3.2 Goal-oriented reinforcement learning (GoRL)

GoRL is an RL paradigm that aims to train a policy that empowers the agent to be able to achieve various goals, which is also referred to as goal-conditional RL or multi-goal RL. In this paper, we refer to it simply as GoRL. GoRL tells the agent what to do by giving it an additional goal input. The value function approximator we normally use is \(V(s;\theta )\;\approx \;V^{\ast}(s)\). To allow the value function to be extended to both state and goal inputs, we follow the universal value function approximator (UVFA) (Schaul et al. 2015), which the value function \(V(s,g;\theta )\;\approx \;V_{g}^{\ast}(s)\) or \(Q(s,a,g;\theta )\,\approx \,Q_{g}^{\ast}(s,a)\). In this paper, we use the most direct approach, \(F:{\mathcal {S}}\times {\mathcal {G}}\rightarrow \mathbb {R}\), simply concatenate state and goal together as a joint input, F denotes the connection function. GoRL naturally has the property of binary sparse rewards, i.e., the agent is given a positive reward when the input goal is reached, otherwise 0. Thus, GoRL is by default accompanied by the problem of reward sparsity (Liu et al. 2022; Plappert et al. 2018).

4 Method

We proposed an innovative hierarchical framework called HRL-MG, specifically designed to tackle the complex problem of multi-goal navigation for robots operating in sparse reward scenarios. Our hierarchical framework applies to goal-oriented tasks, i.e., tasks where both state and goal are vectorial input. HRL-MG consists of two components: (i) a specific hierarchical framework compounded by temporal abstraction and continuous goal orientation and (ii) an HER-based dynamic goal testing method. Later in this section, the two components will be described in turn.

4.1 HRL-MG hierarchical framework

The HRL-MG framework is divided into two sections. The outer loop section is a discrete action-space decision mechanism referred to as the selector, which is responsible for choosing a desired goal among the multi-goal set. The inner loop section is a continuous action-space decision based on the primitive action, referred to as the actuator, as shown in Fig. 1. In this case, the interaction between the selector and actuator is a hierarchical structure of temporal abstraction for splitting multi-goal navigation tasks into individual desired goal navigation tasks.
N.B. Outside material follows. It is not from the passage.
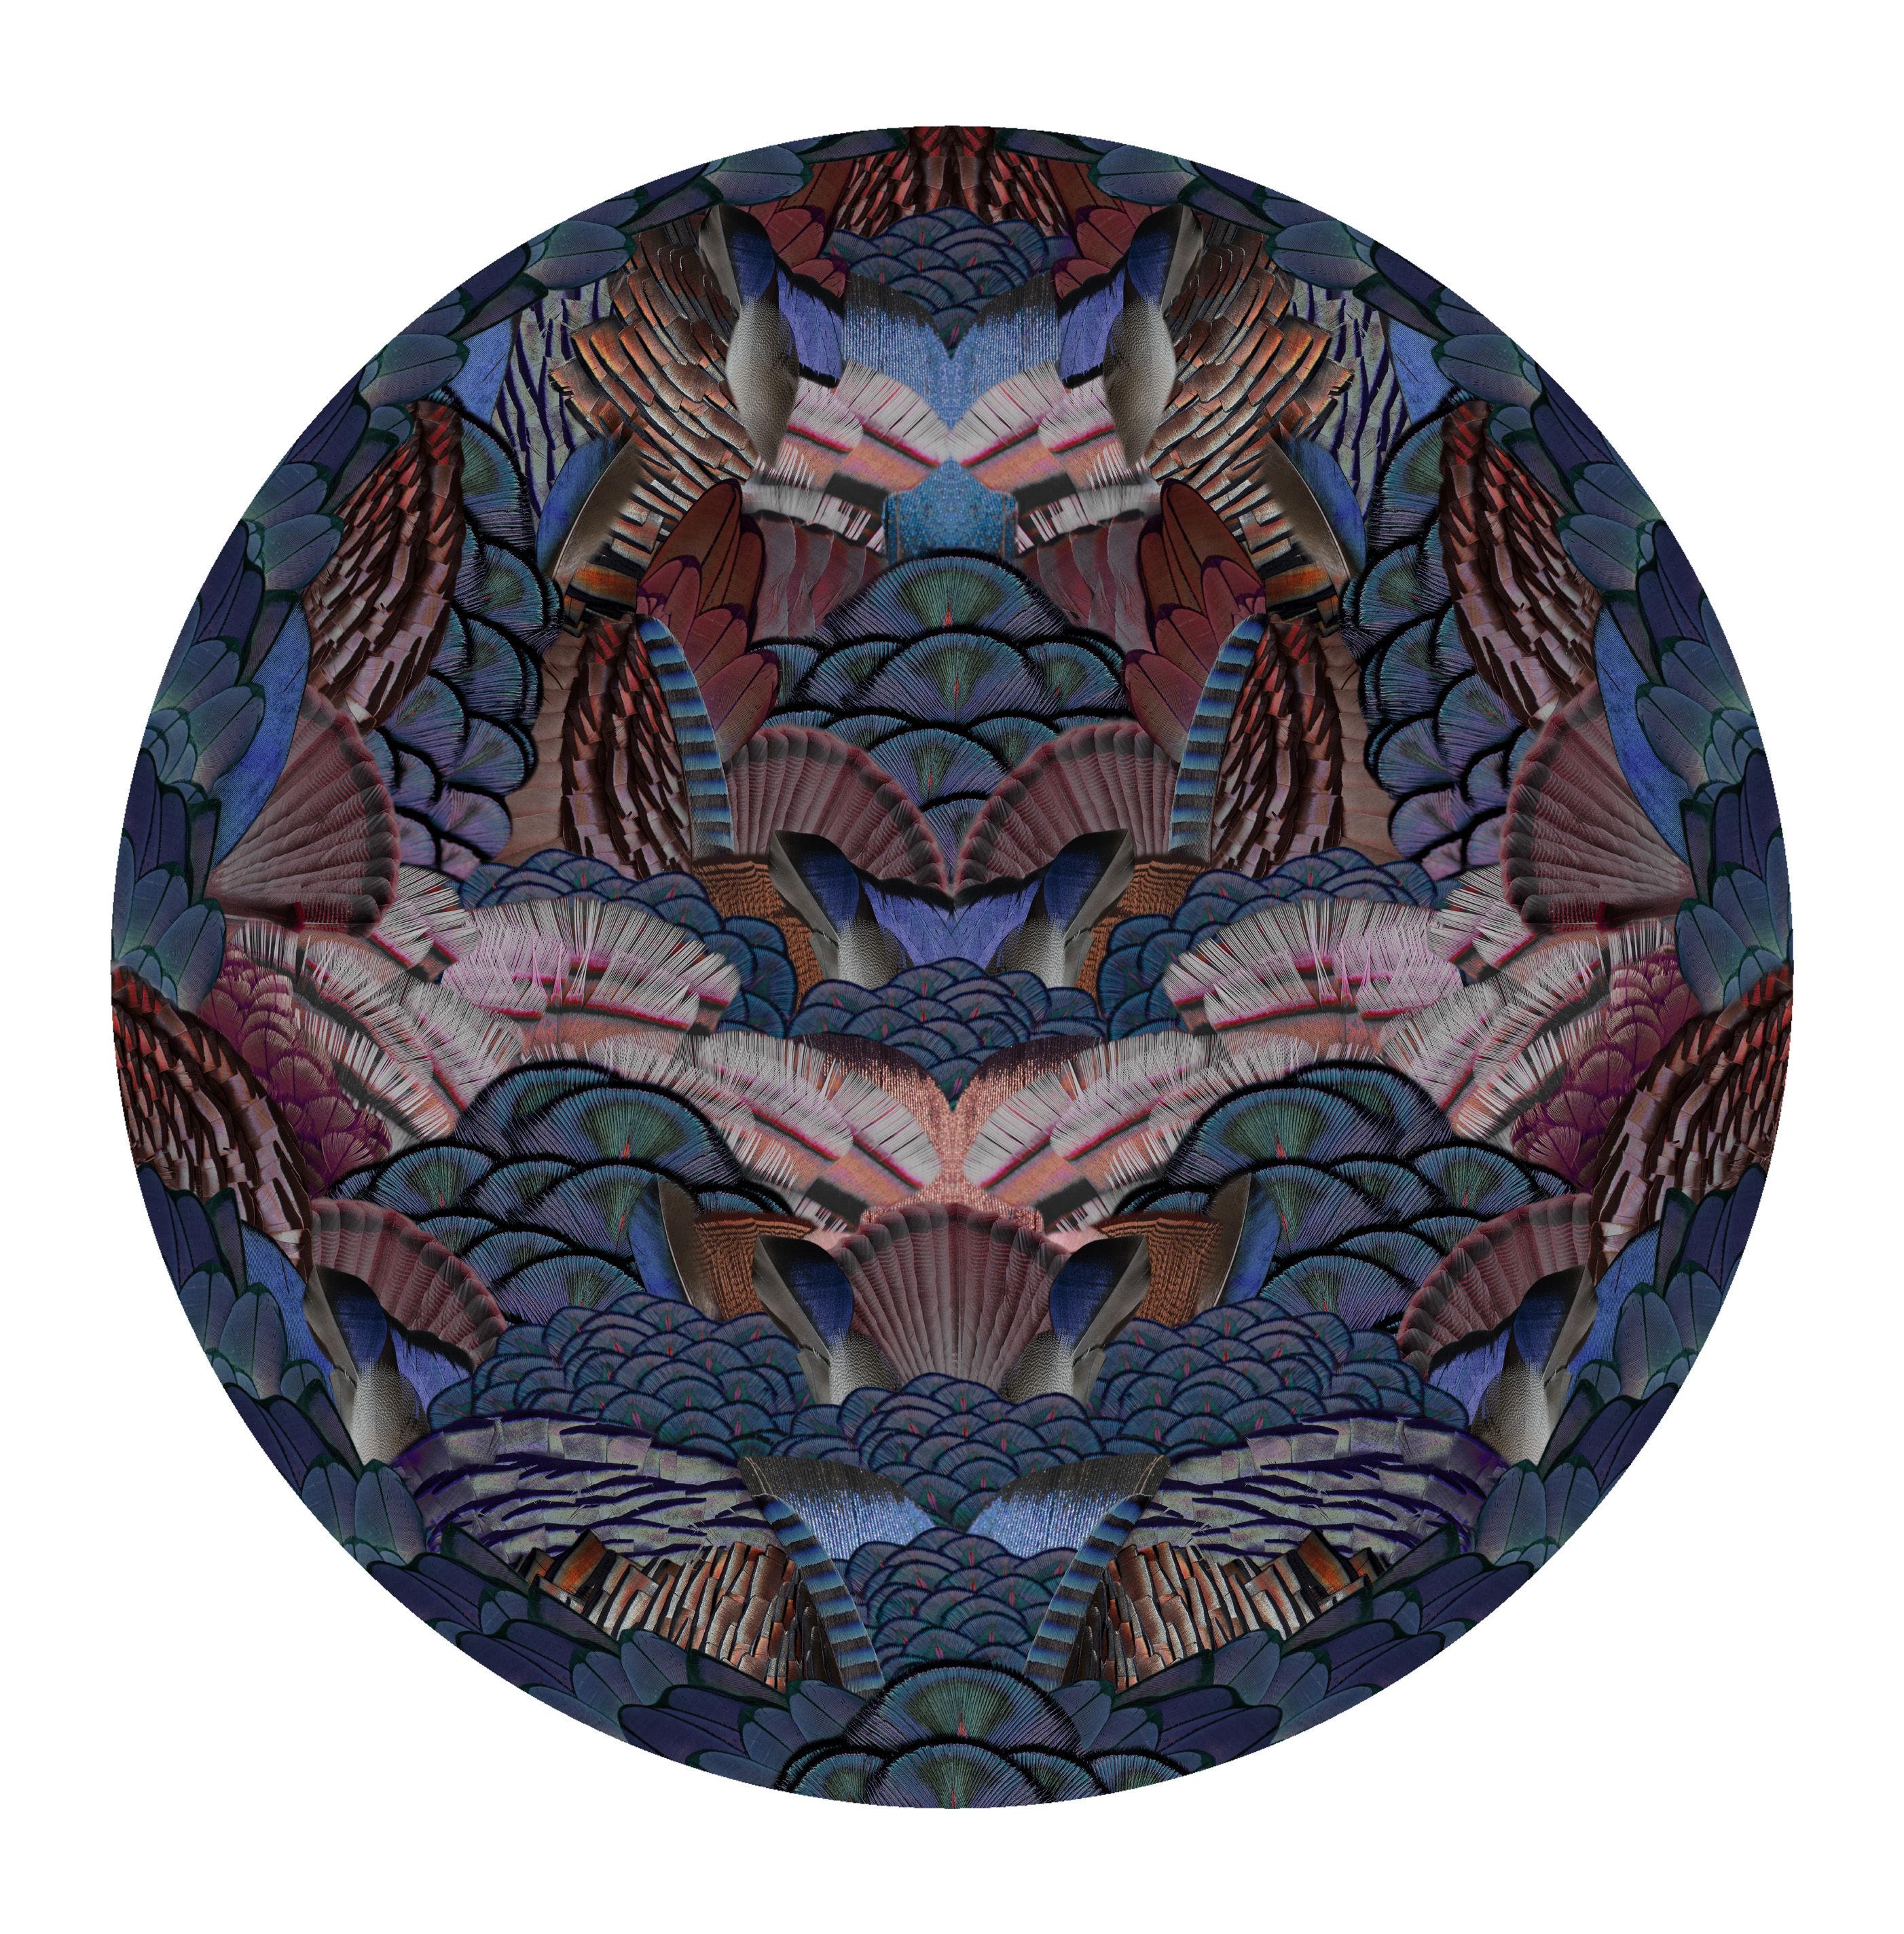 Déco - Tapis - Tapis Calligraphy Bird / Ø 250 cm - Moooi Carpets - Multicolore - Polyamide

At the same time, the actuator itself is a continuous goal-oriented hierarchy for the inner loop of one desired goal navigation task. The inner loop continuously selects sub-goals, using them as the expected goals at the primitive action layer, to guide the agent towards achieving the desired targets provided by the selector. Once the actuator reaches the desired goal provided by the selector, it returns to the outer loop. The selector selects the next desired goal and repeats this process until all desired goals are reached by the agent.

Fig. 1
figure 1

An overview of the HRL-MG hierarchical framework: a hierarchical architecture combining temporal abstraction and continuous goal orientation, consisting of two parts: a selector and an actuator. The outer loop selector is responsible for selecting the desired goal g (current end goal) among the multi-goal set G and the inner loop actuator is responsible for reaching the desired goal g given by the selector

4.1.1 Selector

In this phase, our focus is on developing a policy for the outer loop of the HRL-MG framework, called selector. The selector enables choosing a current navigation goal among multiple desired goals. The detailed network structure of the selector can be seen in the left part of Fig. 2. The details of the Markov model setup for the selector are as follows:

  • Goal: The goal of the selector is to reach all desired goals \(\mathcal {G}_{final}\{g_0,g_1,\ldots,g_n\}\) under the condition of sparse reward as quickly as possible in a multi-goal navigation task.

  • State: According to the GoRL paradigm, the input of the selector is the concatenation of the state \(s_t\) and the multi-goal set \(\mathcal {G}_{final}\), thus the joint input is \((s_t,\mathcal {G}_{final})\). As shown in Fig. 2, the state of the continuous robot environment ‘Ant’ is represented as \(\mathcal {S}[\theta _p,\theta _v,\theta _g]\), where the \(\theta _p\), \(\theta _v\), \(\theta _g\) represent the parameters of the agent’s position vector, velocity vector and goal vector respectively.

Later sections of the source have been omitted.